To disregard the transfer of this stock, and to hold former
stockholders liable to the same extent as if they had made no such
transfer, is the manner or proceeding indicated under proper
circumstances by the National Banking Act itself. Instead of
considering whether to disregard the transfer the Court disregards
the corporate entity of the holding company because it says these
obligations arise from legislative policy. Even if we could find
such a policy, legislative liabilities are numerous. It is probably
a legislative policy that a corporation shall pay all of its debts.
The reasoning employed by the Court, we should think, would leave
it uncertain whether stockholders may not be liable for many other
types of indebtedness. Congress, if the matter of banking reform
were left to it, could define the limits of vicarious liability at
the time it was imposed. The Court is leaving the limits and extent
of that liability so vague that a whole cluster of decisions will
have to be written to clarify what is being done today. And
meanwhile, we know of no way that a stockholder can learn the
extent and circumstances of stockholder liability except to give
his name to a leading case. [
Footnote
2/10]
The Court admits that the judgment is "harsh." Why is it so if
it is according to any law that was known or
Page 321 U. S. 383
knowable at the time of the transactions? To enforce a double
liability so incurred would be no harsher than to enforce any
contract obligation that had been assumed without expecting it
would result in liability. This decision is made harsh by the
element of surprise. [
Footnote
2/11] Its only harshness is that which comes of the Court's
doing with backwards effect what Congress has not seen fit to do
with forward effect.
[
Footnote 2/1]
The pertinent sections of the Bank Act follow:
"The shareholders of every national banking association shall be
held individually responsible . . . for all contracts, debts, and
engagements of such association to the extent of the amount of
their stock therein at the par value thereof, in addition to the
amount invested in such shares. . . ."
12 U.S.C. § 63.
"The stockholders of every national banking association shall be
held individually responsible for all contracts, debts, and
engagements of such association, each to the amount of his stock
therein at the par value thereof in addition to the amount invested
in such stock. The stockholders in any national banking association
who shall have transferred their shares or registered the transfer
thereof within sixty days next before the date of the failure of
such association to meet its obligations, or with knowledge of such
impending failure, shall be liable to the same extent as if they
had made no such transfer, to the extent that the subsequent
transferee fails to meet such liability; but this provision shall
not be construed to affect in any way any recourse which such
shareholders might otherwise have against those in whose names such
shares are registered at the time of such failure."
12 U.S.C. § 64.
[
Footnote 2/2]
The authorities cited to support the Court's disregard of the
corporate entity fall far short of persuasion. The quotation of the
statement by Mr. Chief Judge Cardozo from
Berkey v. Third
Avenue Ry. Co., 244 N.Y. 84, 155 N.E. 58, 61,
"that a surrender of that principle of limited liability would
be made 'when the sacrifice is so essential to the end that some
accepted public policy may be defended or upheld'"

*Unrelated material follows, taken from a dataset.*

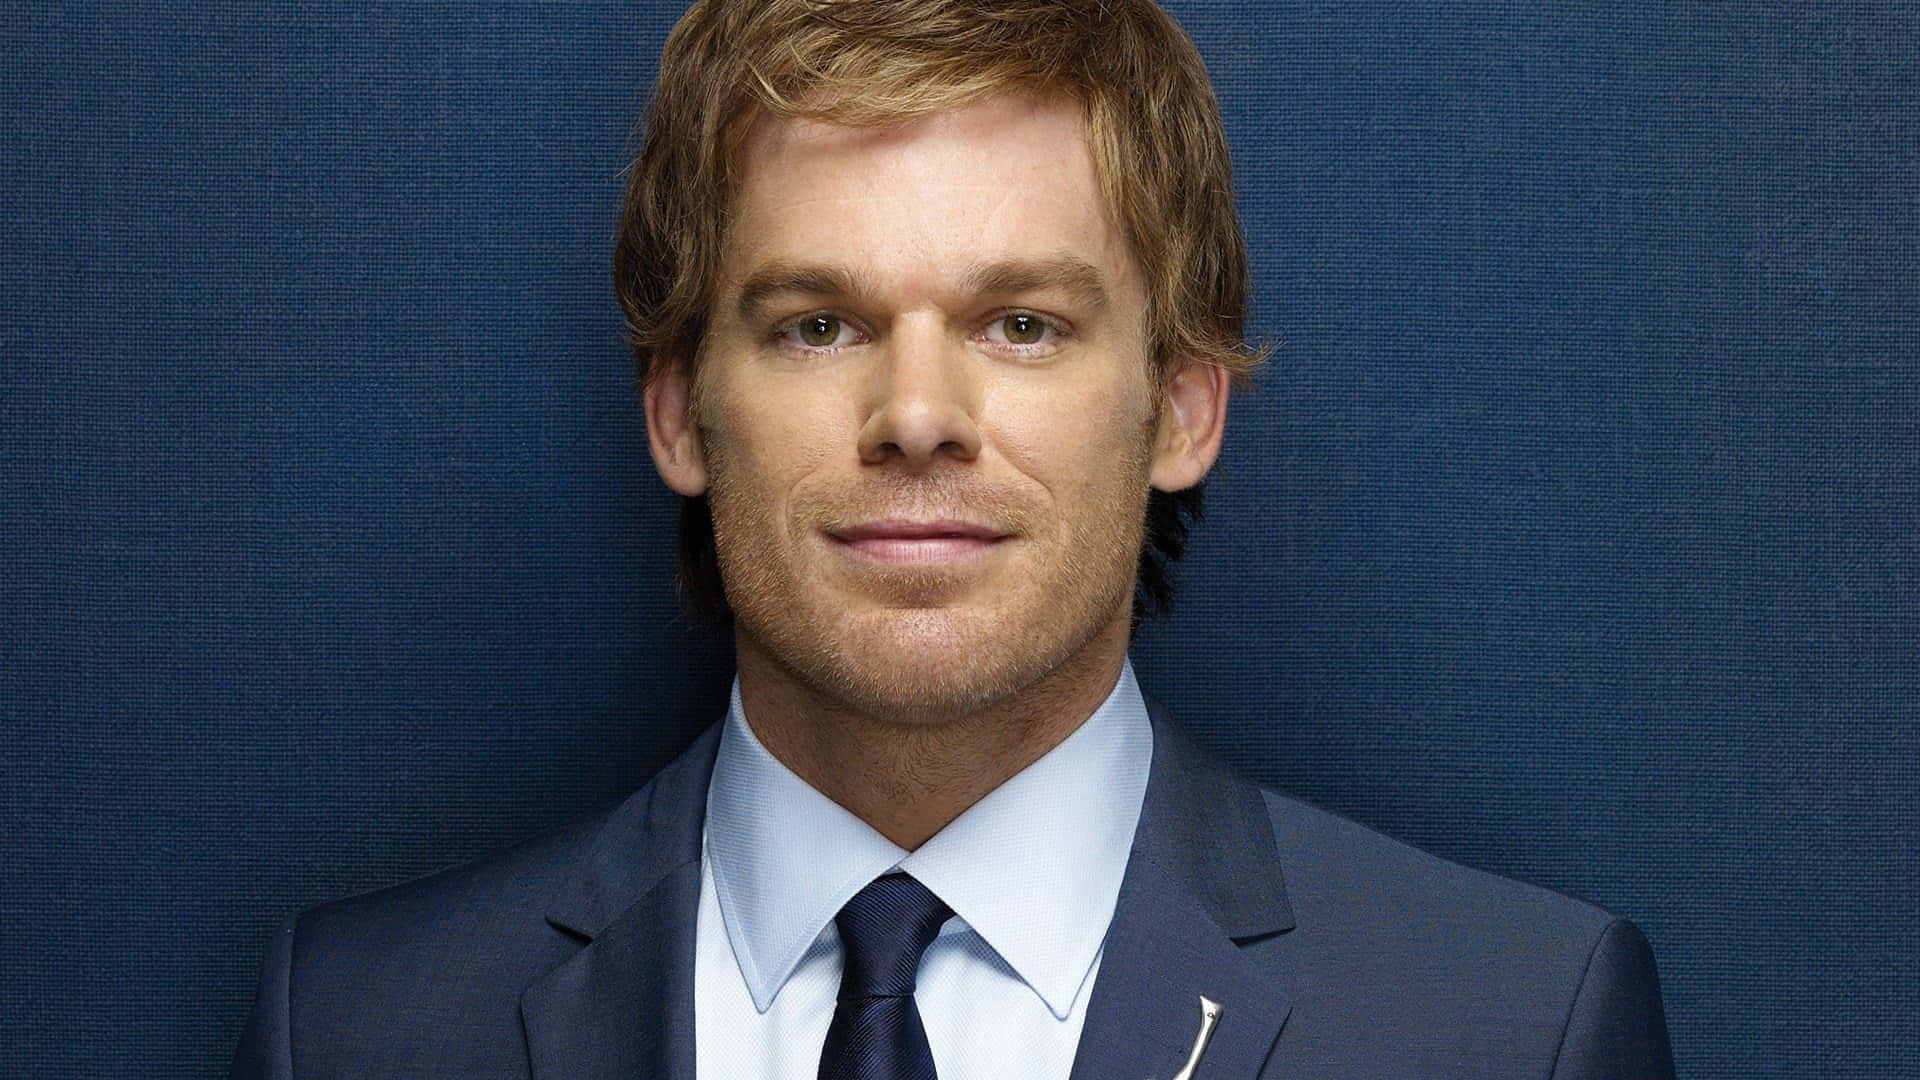 Actormichael C. Hall Would Be Translated To Spanish As 
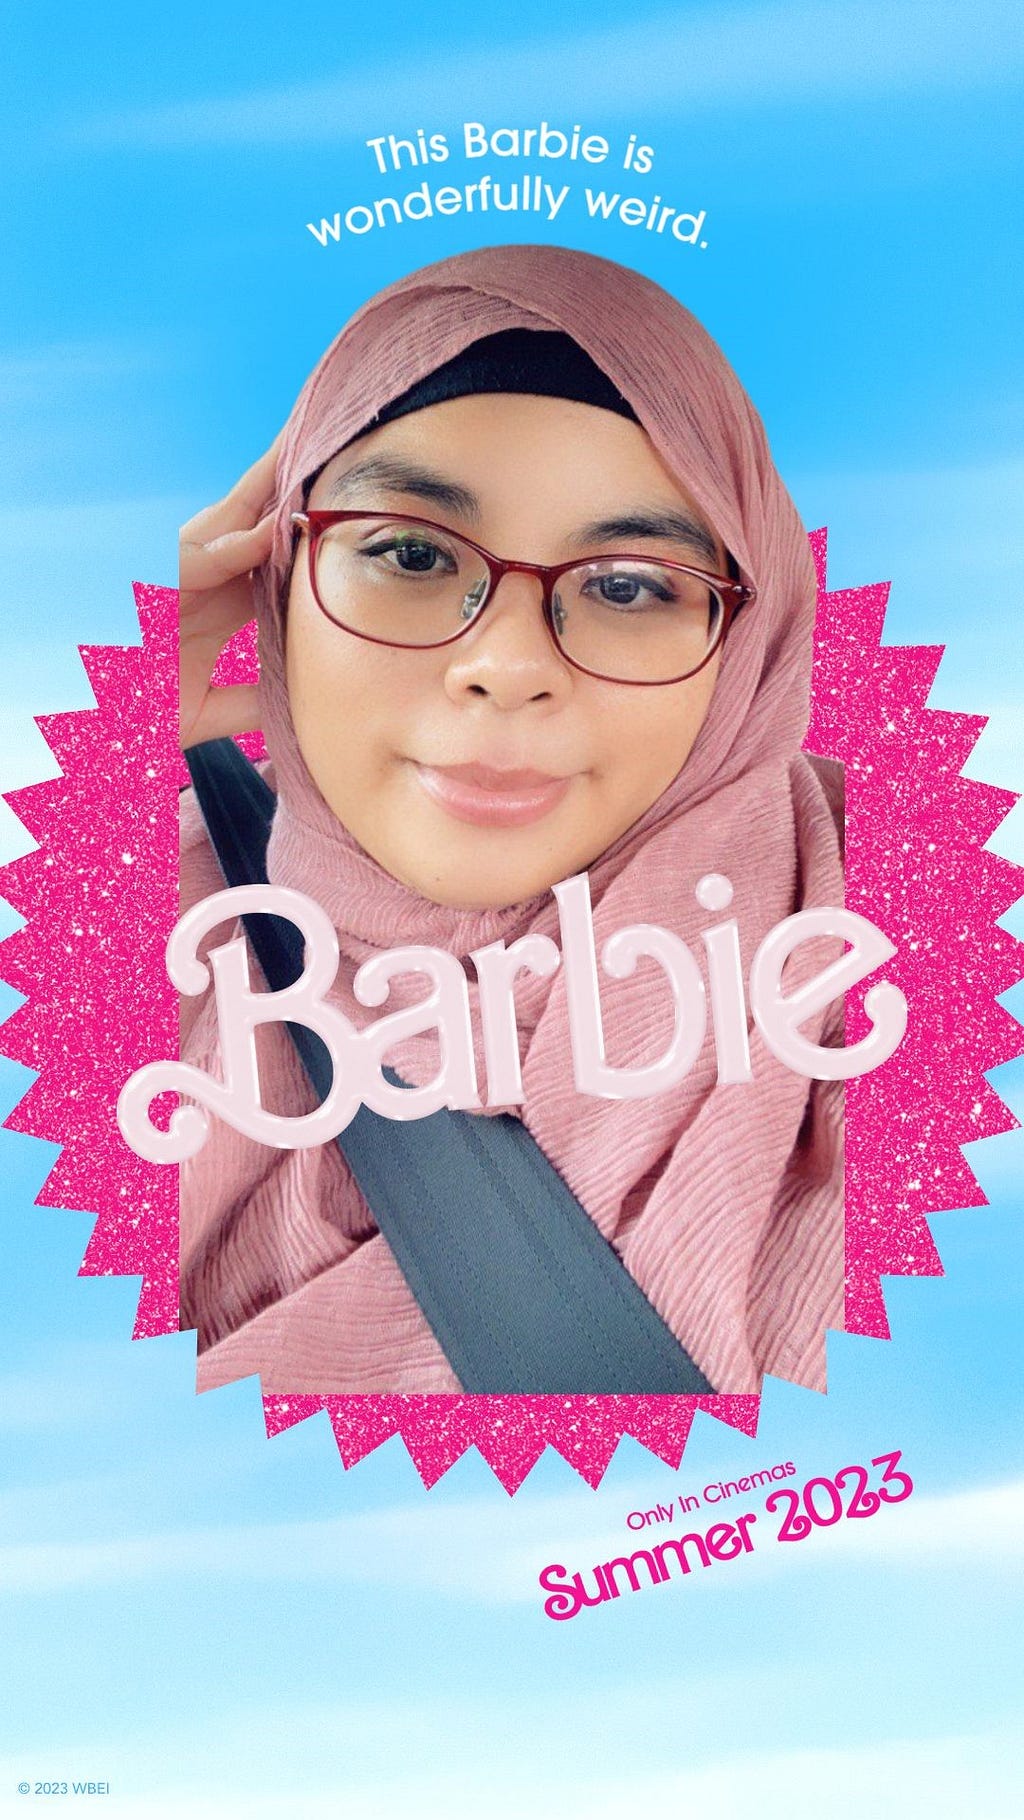 Trying out the Barbie movie sticker

has a very different significance in its context. The facts,
including interchangeable names of parent and subsidiary, complete
financial and operating domination, and use of one company's assets
by the other, indicated a stronger case for disregard of the
corporate fiction than do the findings here. Nevertheless, Chief
Judge Cardozo considered that the corporate entity could not be
disregarded in favor of a tort claimant, and said:
"In such circumstances, we thwart the public policy of the
state, instead of defending or upholding it, when we ignore the
separation between subsidiary and parent and treat the two as
one."
Other cases cited afford no more support for the decision.
United States v. Milwaukee Refrigerator Transit Co., 142
F. 247, held that payments by a carrier to a corporation wholly
controlled by a shipper might constitute rebates under the Elkins
Act. The statements in Powell, Parent & Subsidiary
Corporations, 77-81, are completely general, and to be read in the
light of the specific categories which precede the page citation,
all of which involve active wrong by a parent corporation.
Linn
& Lane Timber Co. v. United States, 236 U.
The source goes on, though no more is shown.